I've added in some retrying ability (using Polly for .NET) and we're back on track.

I'm not really sure how to reproduce it, but I've provided some info here to maybe help. It's happened after 30/40k have been pushed up. Other times, hundreds of thousands pushed up. With Polly, it retries and it works again/continues ... until the next random failure .. which Polly retries OK and we rinse/repeat.

image

Environment details

PS C:\Users\justi> dotnet --info
.NET SDK:
 Version:   7.0.304
 Commit:    7e794e2806

Runtime Environment:
 OS Name:     Windows
 OS Version:  10.0.22621
 OS Platform: Windows
 RID:         win10-x64
 Base Path:   C:\Program Files\dotnet\sdk\7.0.304\

Host:
  Version:      7.0.7
  Architecture: x64
  Commit:       5b20af47d9
  • Package name and version: Google.Cloud.BigQuery.V2 v3.2.0

Here's some sample code I've got which is doing this:

// Configure the retry policy with Polly
var retryPolicy = Policy.Handle<Exception>()
    .WaitAndRetryAsync(3, retryAttempt => TimeSpan.FromSeconds(Math.Pow(2, retryAttempt)), (exception, timeSpan, retryCount, context) =>
    {
        // Log the exception to the console
        Console.WriteLine($"Retry #{retryCount} after {timeSpan.TotalSeconds} seconds due to: {exception}");
    });

try
{
    // Execute the retry policy for the HTTP request
    var pollyResult = await retryPolicy.ExecuteAsync(async () =>
    {
        var result = await client.InsertRowsAsync(destinationTable, rows, null, cancellationToken);

        return result;
    });


    _logger.LogDebug("Finished sending all rows to Google BigQuery. Status: {bigQueryInsertStatus}", pollyResult.Status);

    pollyResult.ThrowOnAnyError();

}
catch (Exception exception)
{
    // Log the final exception to the console
    Console.WriteLine($"Error occurred after retries: {exception}");

    throw;
}
@PureKrome PureKrome changed the title Inserting lots of data to Google BigQuery randomly throws a Inserting lots of data to Google BigQuery randomly throws an SSL Exception Jul 7, 2023
@amanda-tarafa amanda-tarafa added type: question Request for information or clarification. Not an issue. api: bigquery Issues related to the BigQuery API. priority: p2 Moderately-important priority. Fix may not be included in next release. labels Jul 7, 2023
@jskeet jskeet self-assigned this Jul 7, 2023
@jskeet
Copy link
Collaborator

jskeet commented Jul 7, 2023

Hi @PureKrome,

We've discussed this in the team, and we'd like to at least try to reproduce the problem for the sake of completeness, but we suspect we won't want to actually make any changes to how retries are performed... while it may be safe to automatically retry in your particular case, at the point where the network transport has problems we're in unusual territory, and in many cases retrying would be the wrong approach.

Could you let us know:

  • What your insert code looks like (just which methods you're using, and ideally a rough idea of how how large each row is, in terms of fields and total data)
  • What your network is like - are you going through a proxy which might be causing problems, for example? (That seems to be the most likely cause of problems, to be honest.)
  • How often you see the errors in terms of elapsed time (due to some internal details, I wouldn't be entirely surprised to see issues once every hour, for example)

@jskeet
Copy link
Collaborator

jskeet commented Jul 7, 2023

I've tried to reproduce this in https://github.com/jskeet/google-cloud-dotnet/tree/issue-10625 - I've not seen the problem yet.

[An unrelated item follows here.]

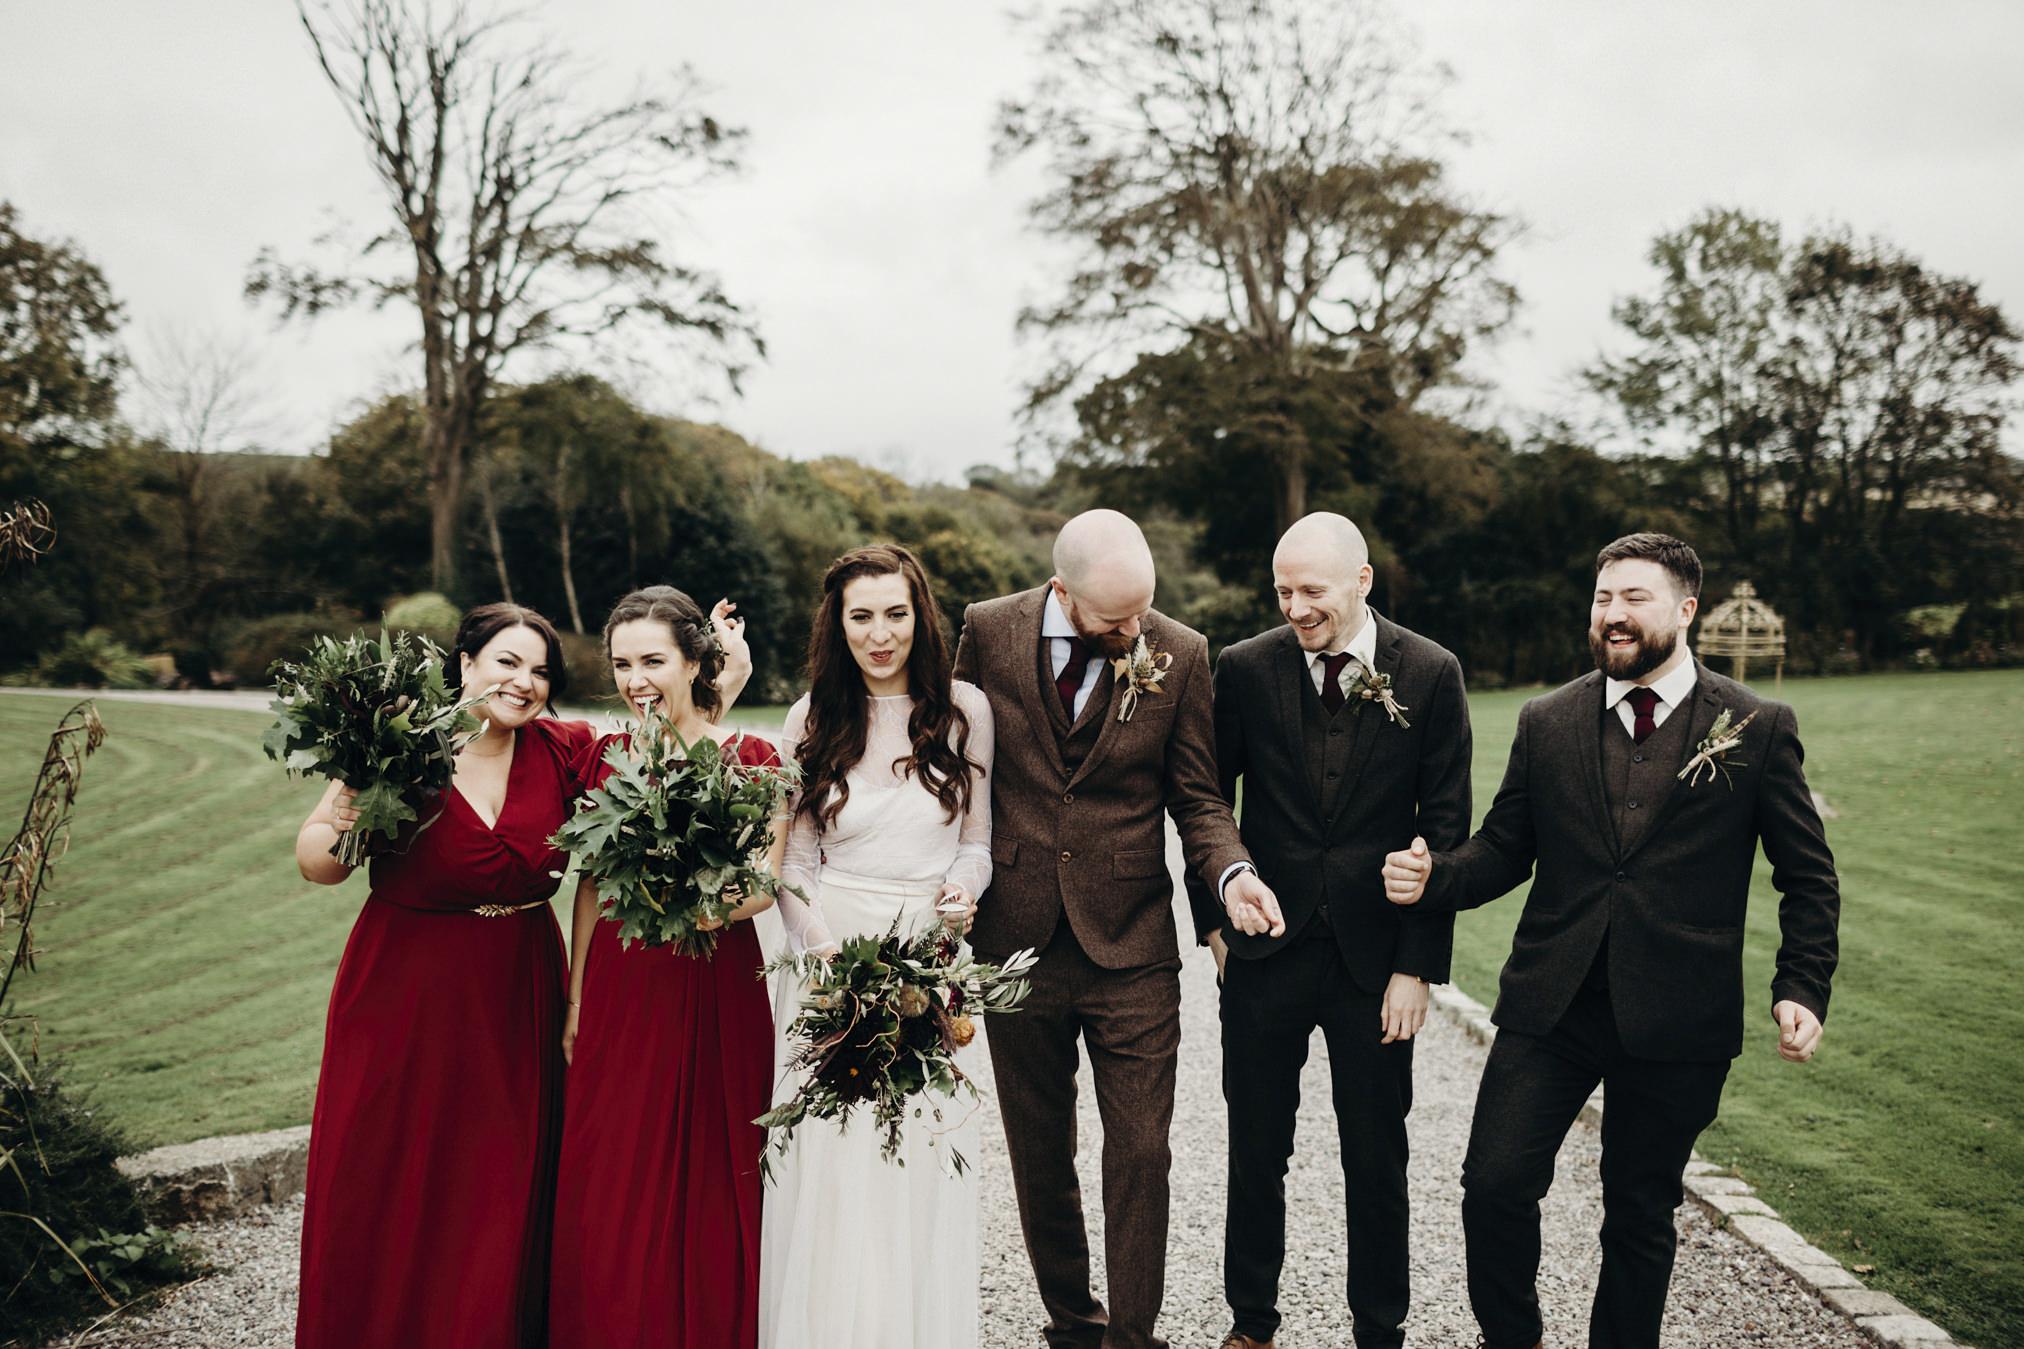 wedding photographer irelandGraciela Vilagudin Photography621.jpg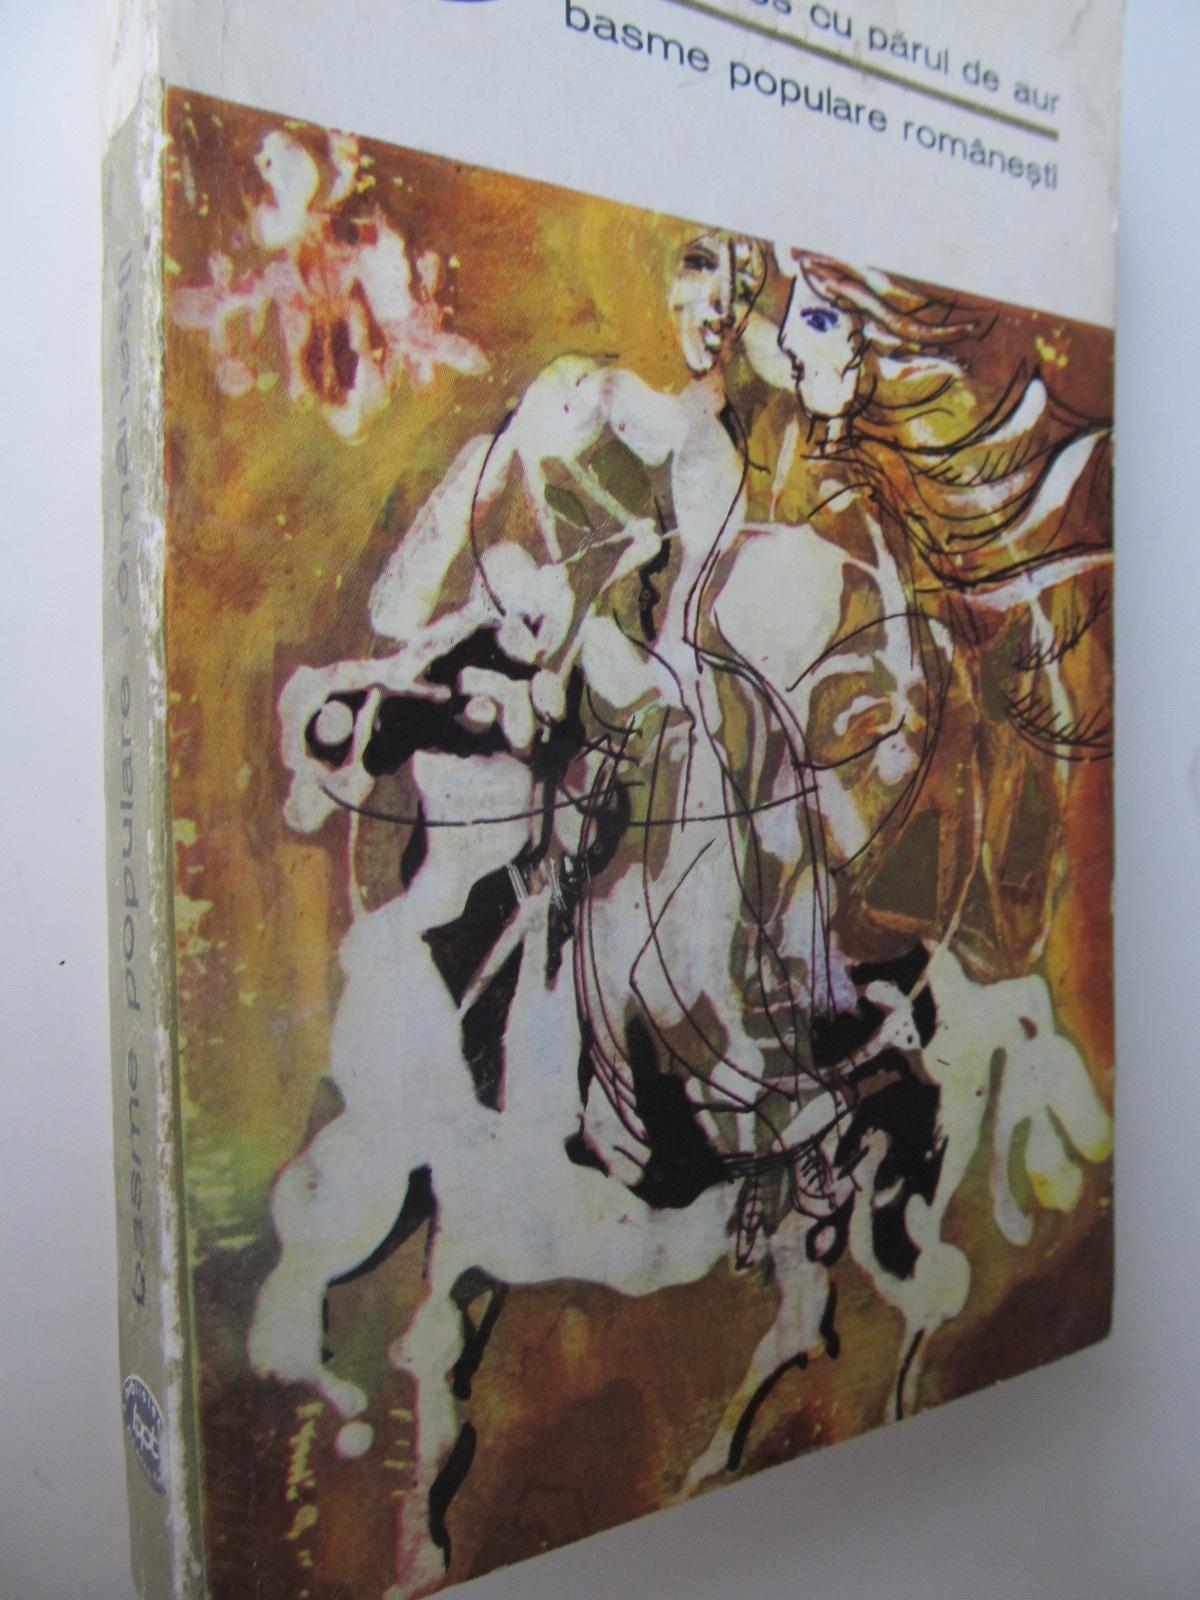 Carte Basme populare romanesti - Fat frumos cu parul de aur (vol. 2) - ***

My most recently attempt consisted of:

  • 10 million rows
  • Inserting 1000 rows per request
  • Each row consists of an integer ID, and a text field with 20 random ASCII characters

(The test took about 25 minutes from home.)

If you'd be happy to run the repro code in your environment, the results would be interesting.

@PureKrome
Copy link
Author

Thanks @jskeet for showing interest into this issue - I really really appreciate it.

I'll try and answer as much of the questions as possible:

What your insert code looks like (just which methods you're using, and ideally a rough idea of how how large each row is, in terms of fields and total data)

var result = await client.InsertRowsAsync(destinationTable, rows, null, cancellationToken);

i have 7 tables i'm inserting data into. So I just spent the last 2 hours running my app to see when/where it fails and if a specific table is always the cause. Two different tables had the same error at random times. The first one was at rows 83k -> 84k. The 2nd one was at rows 2.433m -> 2.434m. I've also seen it happen at various/random places.

What your network is like - are you going through a proxy which might be causing problems, for example? (That seems to be the most likely cause of problems, to be honest.)

The errors occurred both from my home network and through the office network. Neither has anything special. Home has a pi-hole, but that's DNS. Office has nothing like that. I don't have anything special setup on my dev box here. E.g. no custom firewalls, etc.

How often you see the errors in terms of elapsed time (due to some internal details, I wouldn't be entirely surprised to see issues once every hour, for example)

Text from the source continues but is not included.